In a 3D Mass Chromatogram for an LCMS acquisition run
   Forall nominal masses between some upper and lower bound
     Foreach EIC peak picked for the nominal mass
        Collate a set of corresponding LC peak retention times
           Pivot then merge (with a small tolerance on the peak retention time)
              Producing a table of LC retention times and the nominal masses observed

As a further lead in to the requirement, I show a typical screenshot from Waters Empower with an EIC slice at 464 mass units for a 3D MS channel (mouse click on the image to see it in higher resolution). Note the two peaks at 27.575 and 27.936min, and the masses at 262 and 464, and 464 mass units respectively (sic).

The ultimate requirement conveyed to me, for this exceptionally trivial 2/3 peak example, was to produce a table (as shown below) from 3D MS Chromatographic data.

A modern CDS as feature rich as Waters Empower already presents much of this information as out of the box functionality.

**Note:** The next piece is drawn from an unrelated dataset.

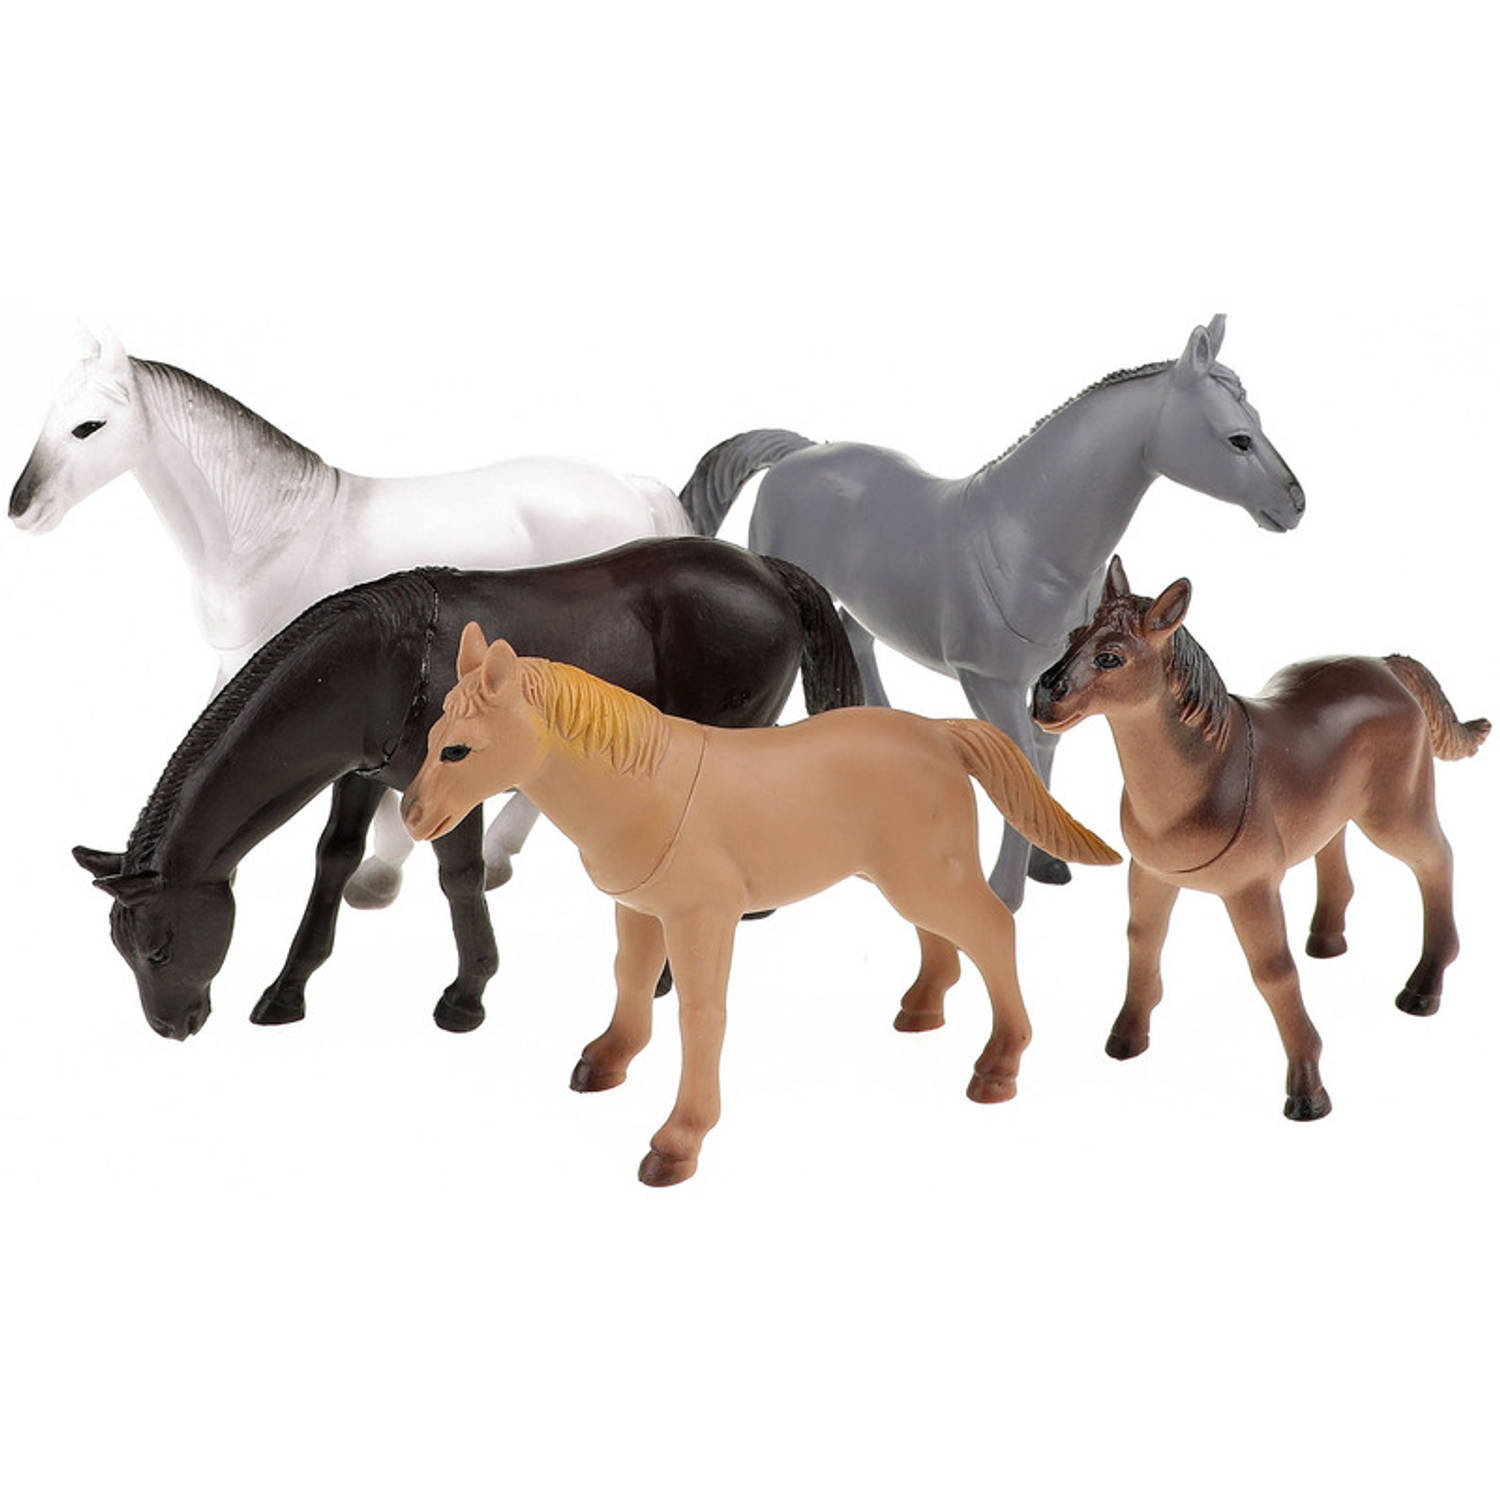 Geven terug Onmogelijk 5x Plastic speelgoed paarden figuren 14 cm - Speelfigurenset | Blokker

The point is however that this type of detail is required for many chemoinformatic applications, and it was (then) required specifically for the purposes of LCMS component tracking using mass spectrometry as the primary analytical method, and that the custom software application software requirements were specified by-example.

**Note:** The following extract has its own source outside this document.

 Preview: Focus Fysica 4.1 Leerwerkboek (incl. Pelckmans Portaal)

So, with the software requirement described by-example, the question is specifically how to get from (a larger example set of contrived data) here:

to here:

Note the table has been pivoted on nominal mass, and that some retention times have been merged (the peak at 5.01min with a nominal mass of 350 has been merged into the LC peak at 5min).

The answer to the question of how to

specify the software requirements would be to write them down somewhere
meet software requirements would be to cut some code
confirm the code logic meets requirements and is not bugged would be to test it, ie. write some unit tests.

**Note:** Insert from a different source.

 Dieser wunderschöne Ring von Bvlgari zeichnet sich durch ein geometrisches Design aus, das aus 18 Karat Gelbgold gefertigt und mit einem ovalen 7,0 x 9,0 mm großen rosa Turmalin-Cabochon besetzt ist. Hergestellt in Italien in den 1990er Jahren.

None of this is novel. What is perhaps novel is that the three answers to these three questions can all be written in-part by the scientist, business analyst, or project manager. Putting this another way, stake holders that are not software developers could write a large part of these software requirements, and they could be written by-example as an alternative to the pages of drivel typically found in many software requirements documents.

Q. Really?

A. Yes, really.

Q. What would this source code look like?

A. Transcribing the requirement described above, it would look like this.

Feature: Mass Spectrometry Peak Processing
Background:
Given I have an MS table containing the following peaks
| Nominal Mass | LC Peak 1 | LC Peak 2 | LC Peak 3 | LC Peak 4 |
| 200          | 5         | 6         |           |           |
| 300          | 5         | 7         | 7.5       |           |
| 350          | 5.01      |           |           |           |
| 400          | 5         | 7         |           |           |
| 410          | 7.5       |           |           |           |
| 420          | 7.5       |           |           |           |
| 500          | 7         |           |           |           |
| 515          | 7.1       |           |           |           |  


Scenario: EIC Peak - pivoting of peak table (0.0min threshold check)
When the tolerance is 
| LC Peak Merge Tolerance |
| 0                       |
Then I expect the pivoted content
| LC Retention Time | Mass 1 | Mass 2 | Mass 3 | Mass 4 |
| 5                 | 200    | 300    | 400    |        |
| 5.01              | 350    |        |        |        |
| 6                 | 200    |        |        |        |
| 7                 | 300    | 400    | 500    |        |
| 7.1               | 515    |        |        |        |
| 7.5               | 300    | 410    | 420    |        |	


Scenario: EIC Peak - pivoting of peak table, LC peaks below threshold merge
When the tolerance is 
| LC Peak Merge Tolerance |
| 0.009                   |
Then I expect the pivoted content
| LC Retention Time | Mass 1 | Mass 2 | Mass 3 | Mass 4 |
| 5                 | 200    | 300    | 400    |        |
| 5.01              | 350    |        |        |        |
| 6                 | 200    |        |        |        |
| 7                 | 300    | 400    | 500    |        |
| 7.1               | 515    |        |        |        |
| 7.5               | 300    | 410    | 420    |        |	


Scenario: EIC Peak - pivoting of peak table, LC peaks at threshold merge (edgecase test)
When the tolerance is 
| LC Peak Merge Tolerance |
| 0.01                    |	 
Then I expect the pivoted content
| LC Retention Time | Mass 1 | Mass 2 | Mass 3 | Mass 4 |
| 5                 | 200    | 300    | 350    | 400    |
| 6                 | 200    |        |        |        |
| 7                 | 300    | 400    | 500    |        |
| 7.1               | 515    |        |        |        |
| 7.5               | 300    | 410    | 420    |        |

Isn’t this source code easy to understand? Even if you don’t understand the scientific content, you can read and understand the logic and appreciate what the expected application inputs and outputs should be. This by-example approach is a way of specifying the requirements, and I repeat, without the pages of drivel so common in software requirements documents. In the code above, there are 3 examples, demonstrating both the input and expected output, that varies a little depending on how the content is pivoted and merged with a small tolerance value.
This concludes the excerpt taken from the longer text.